O'Shaughnessy Joyce
Baylor-Sammons Cancer Center, 3535 Worth St., Collins 5, Dallas, Texas 75246, USA. joyce.o'
Oncologist. 2005;10 Suppl 3:20-9. doi: 10.1634/theoncologist.10-90003-20.
Metastatic breast cancer (MBC) remains essentially incurable, and goals of therapy include the palliation of symptoms, delay of disease progression, and prolongation of overall survival time without negatively impacting quality of life. Anthracycline and taxane-based therapies have traditionally shown the highest degree of activity in MBC. Though numerous randomized clinical trials have shown improvements in overall response rates, few have found clear survival benefits. In recent years, however, there has been a small but growing series of clinical trials demonstrating modest, but meaningful survival advantages in metastatic disease. A common feature in many of these trials has been the use of a taxane, and more recently, a taxane combined with an antimetabolite. In addition, the development of targeted biologic agents active against MBC, such as trastuzumab and bevacizumab, has demonstrated great potential for enhancing the effects of chemotherapy and producing meaningful survival improvements. The role of the taxanes, antimetabolites, and biologics in extending survival in MBC is discussed.
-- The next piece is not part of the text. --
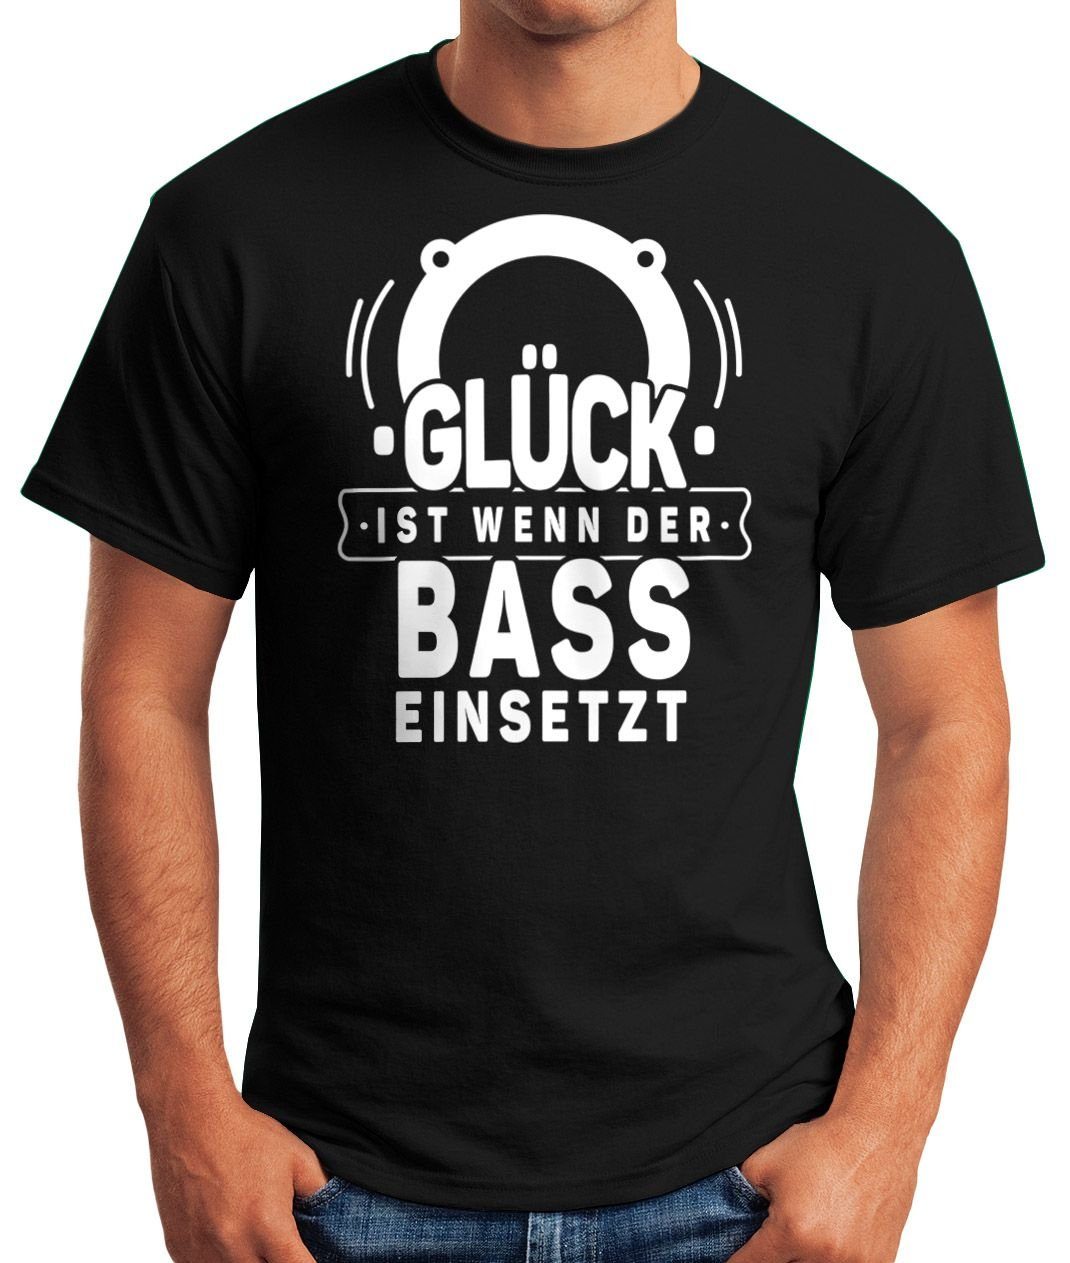 mit wenn Glück Moonworks® Festival Rave Bass ist T-Shirt Herren Techno Oberteil Print-Shirt Motiv der einsetzt Party Print Spruch MoonWorks Fun-Shirt

转移性乳腺癌(MBC)本质上仍然无法治愈,治疗目标包括缓解症状、延缓疾病进展以及延长总生存时间,同时不对生活质量产生负面影响。传统上,基于蒽环类药物和紫杉烷类的疗法在MBC中显示出最高程度的活性。尽管众多随机临床试验表明总体缓解率有所提高,但很少有试验发现明显的生存获益。然而,近年来,有一小部分但数量不断增加的临床试验表明,在转移性疾病中存在适度但有意义的生存优势。这些试验中的许多试验的一个共同特征是使用了紫杉烷类药物,最近则是使用紫杉烷类药物与抗代谢药物联合使用。此外,针对MBC的靶向生物制剂(如曲妥珠单抗和贝伐单抗)的开发,已显示出增强化疗效果并产生有意义的生存改善的巨大潜力。本文讨论了紫杉烷类药物、抗代谢药物和生物制剂在延长MBC患者生存方面的作用。